No one wants to think about their death and how it will impact others. But, if you have anyone in your life who depends on you, you must think about it. While you can’t ease the emotional burden of your loved ones when you die, you can help alleviate their financial burdens. An important part of the estate planning process is assessing life insurance needs.
Everyone’s situation is unique; and different types of life insurance policies meet different needs. Is your salary the main source of your family’s income? Are you a stay-at-home parent or caregiver? Do you have a child with special needs? Are you a small business owner? Have your children grown and started their own families?
This information from Nerdwallet.com demonstrates how life insurance funds can help in different scenarios. It can:
- provide income replacement, so that your family can continue to pay everyday expenses;
- cover the cost of paying for services the stay-at-home parent does for “free,” such as child care and home cleaning;
- fund a trust, to ensure a child with special needs will have life-long financial support no matter when a parent dies;
- cover mortgage payments, student loans or other debt, so your family won’t inherit debt or be forced to move;
- fund a buy-sell agreement that allows a business partner to buy out your share;
- provide a supplemental source of income for someone who has maxed out other retirement plans.

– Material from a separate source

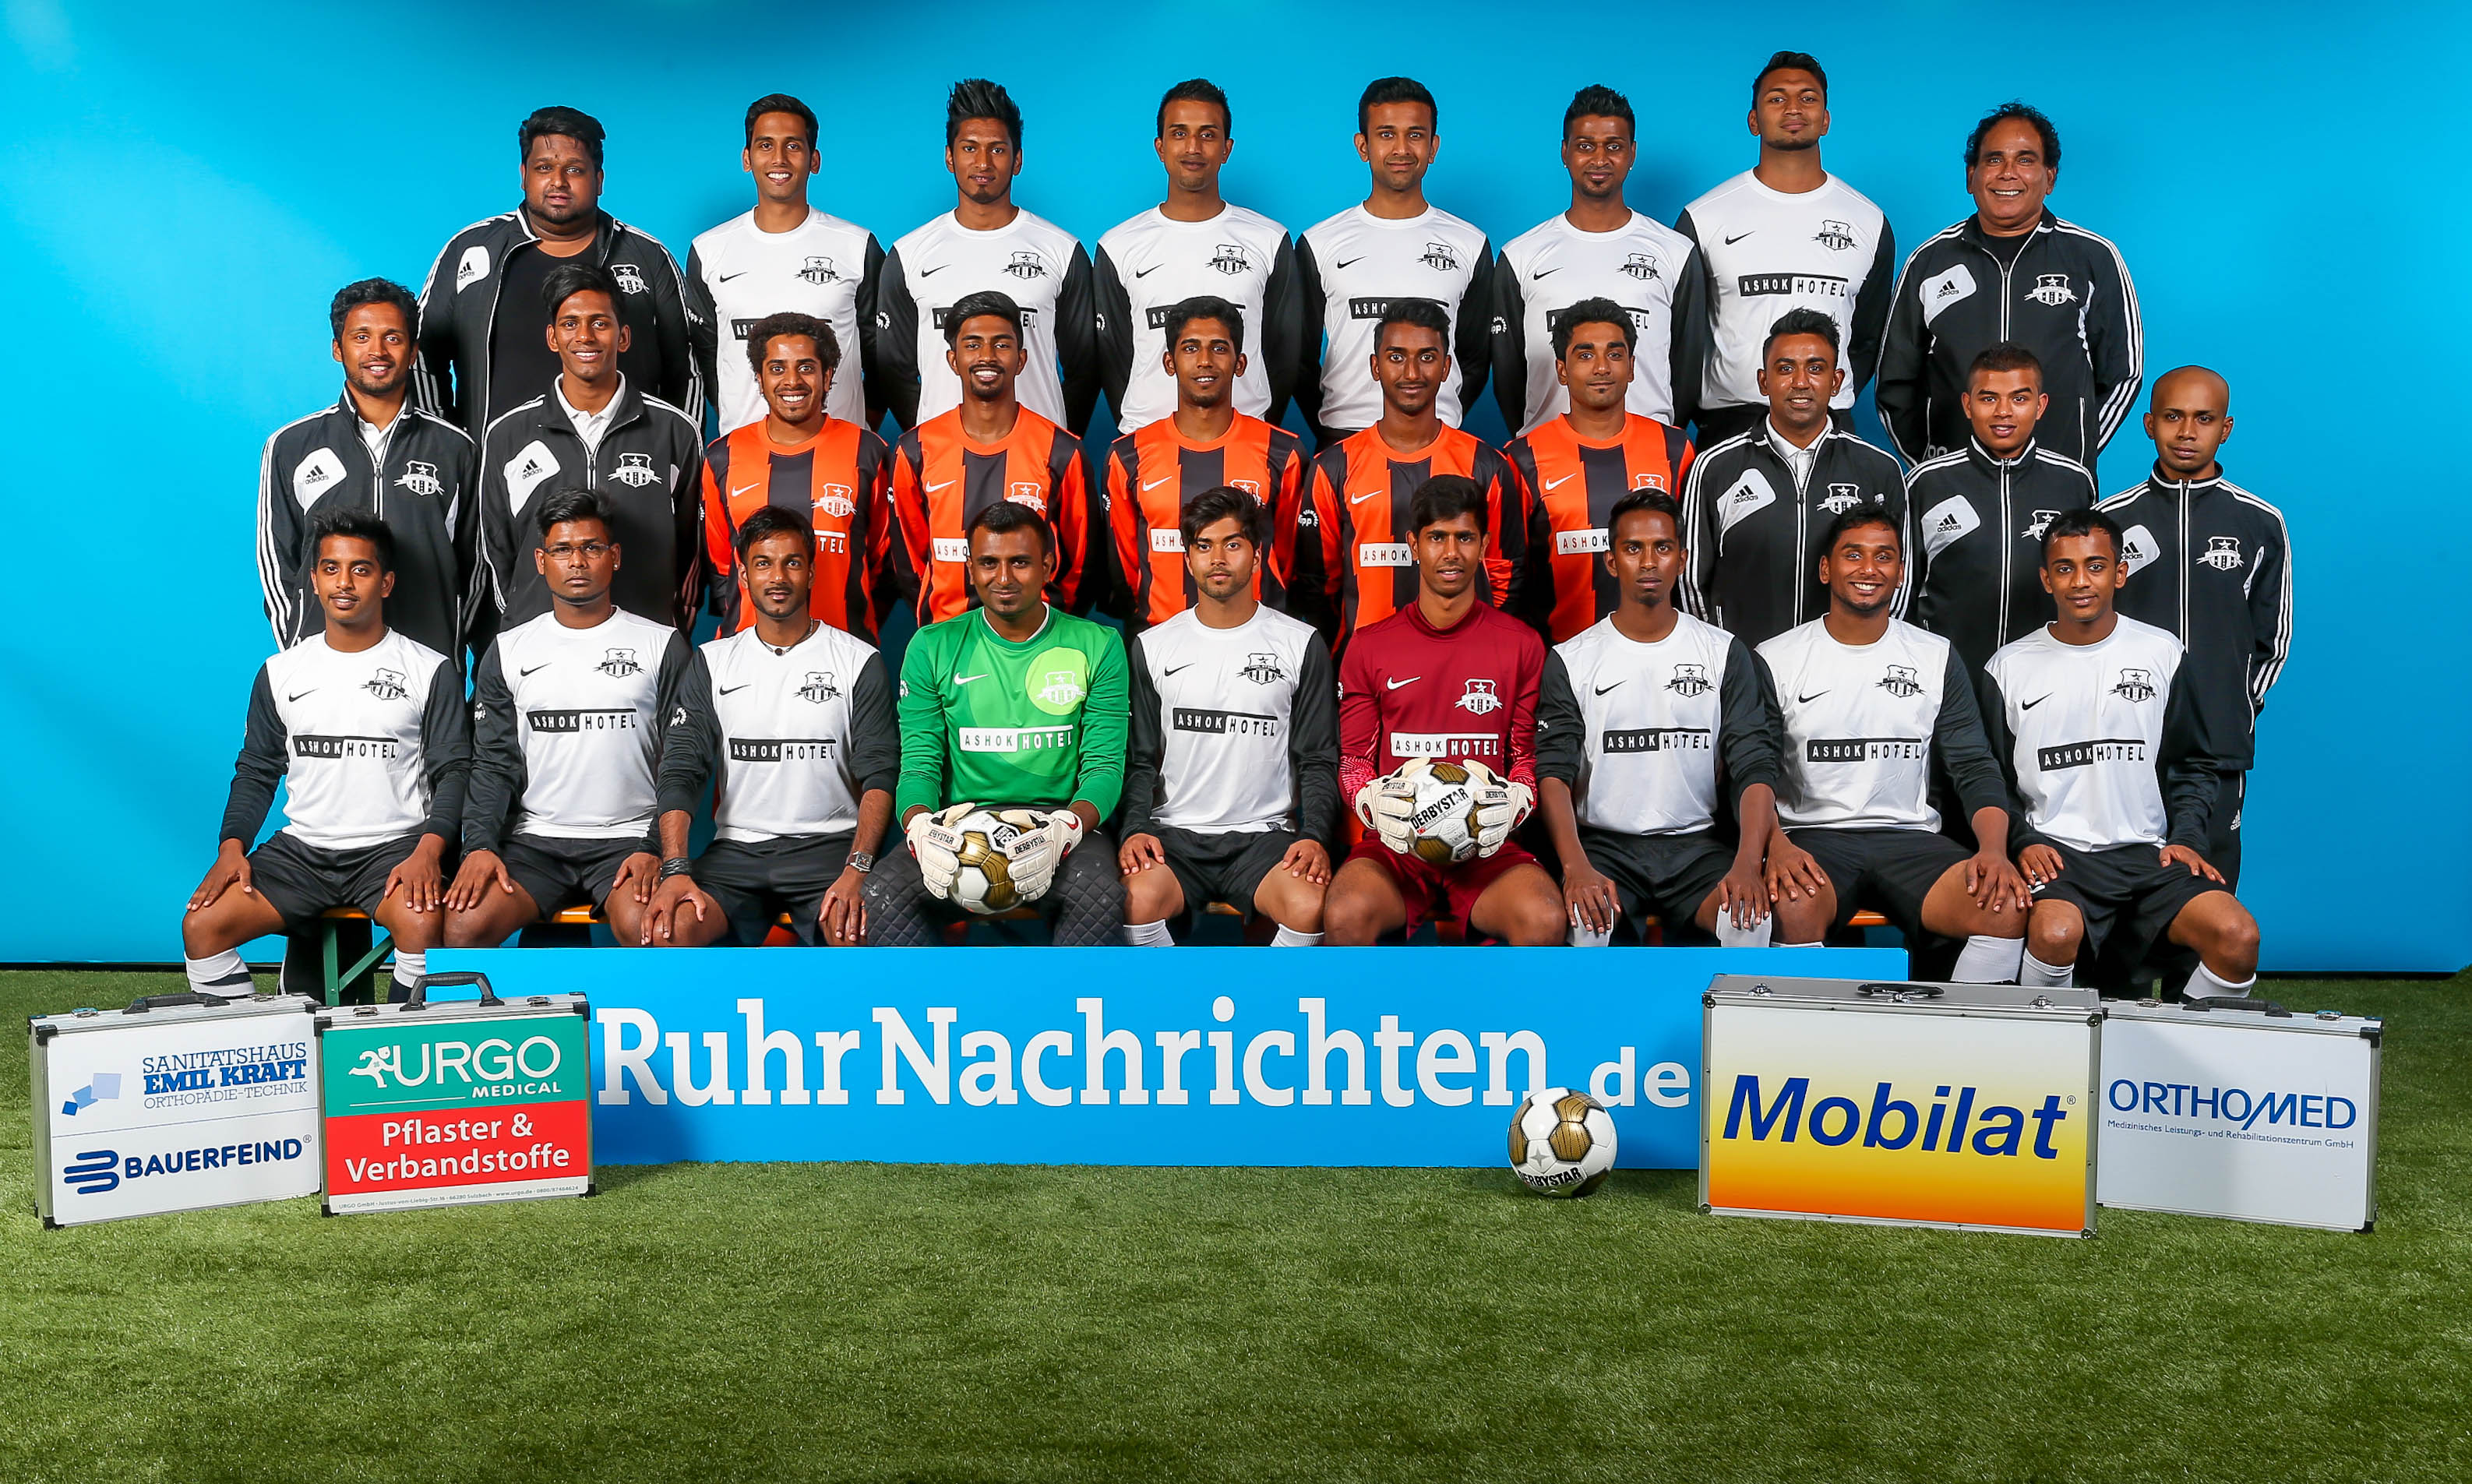 Mannschaftsfoto/Teamfoto von Tamilstars Dortmund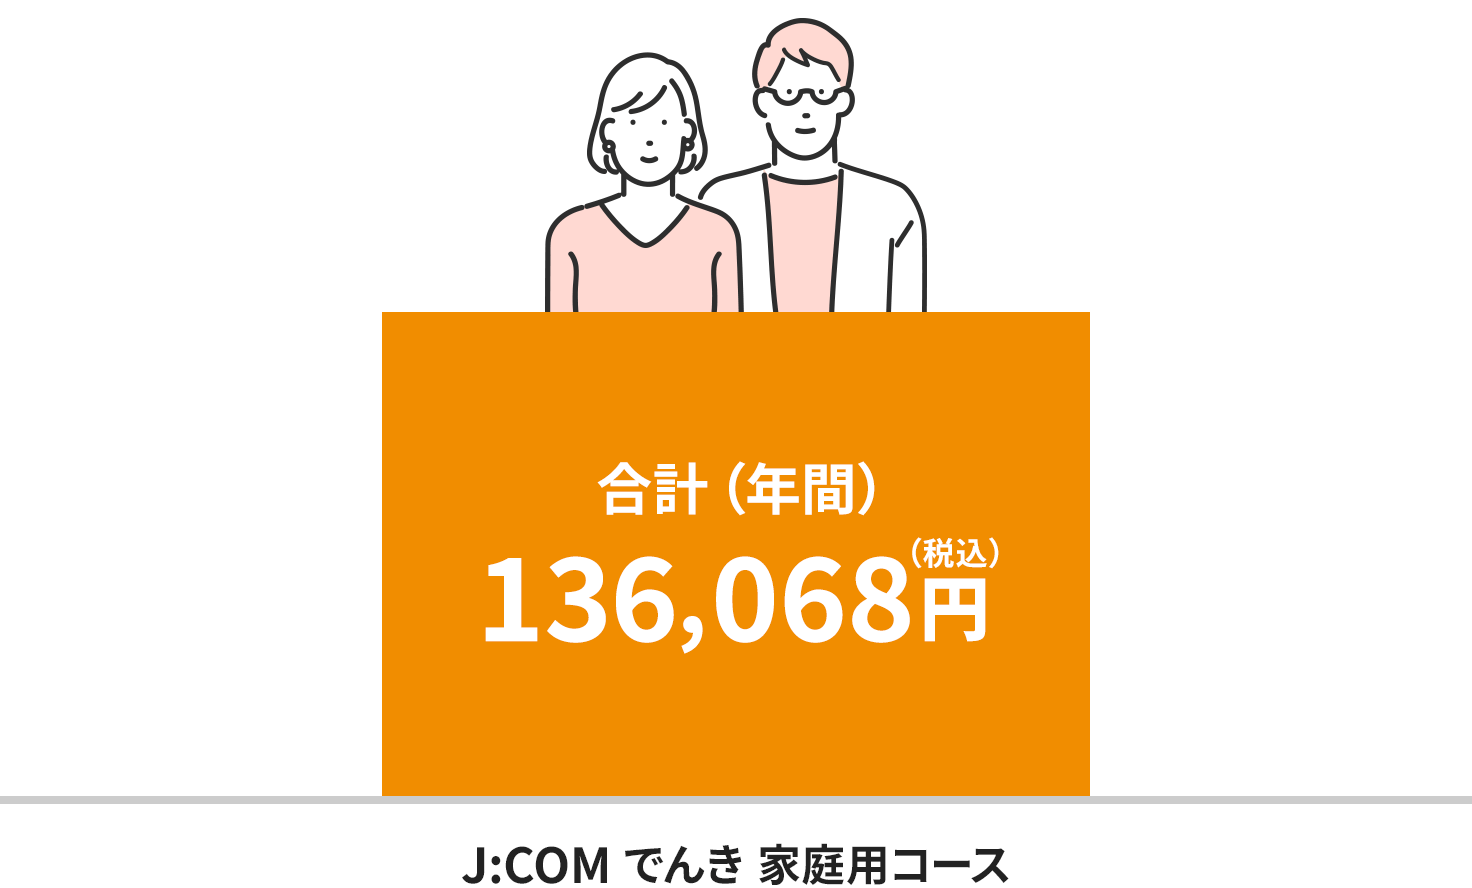 Hình ảnh phí tại khu vực Điện lực Kyushu (dành cho hộ gia đình hai người)

Term life lasts for a specific number of years and can be purchased, for example, to cover your mortgage or other debt. If the term expires before you die, there is no payout. Whole life and other types of permanent life insurance policies usually include a “cash value” account that builds value over time. This could help during retirement, if needed.
Assessing Life Insurance Needs
If you haven’t reviewed your life insurance in the past few years, schedule an appointment with your financial planner to help make sure your needs are being met.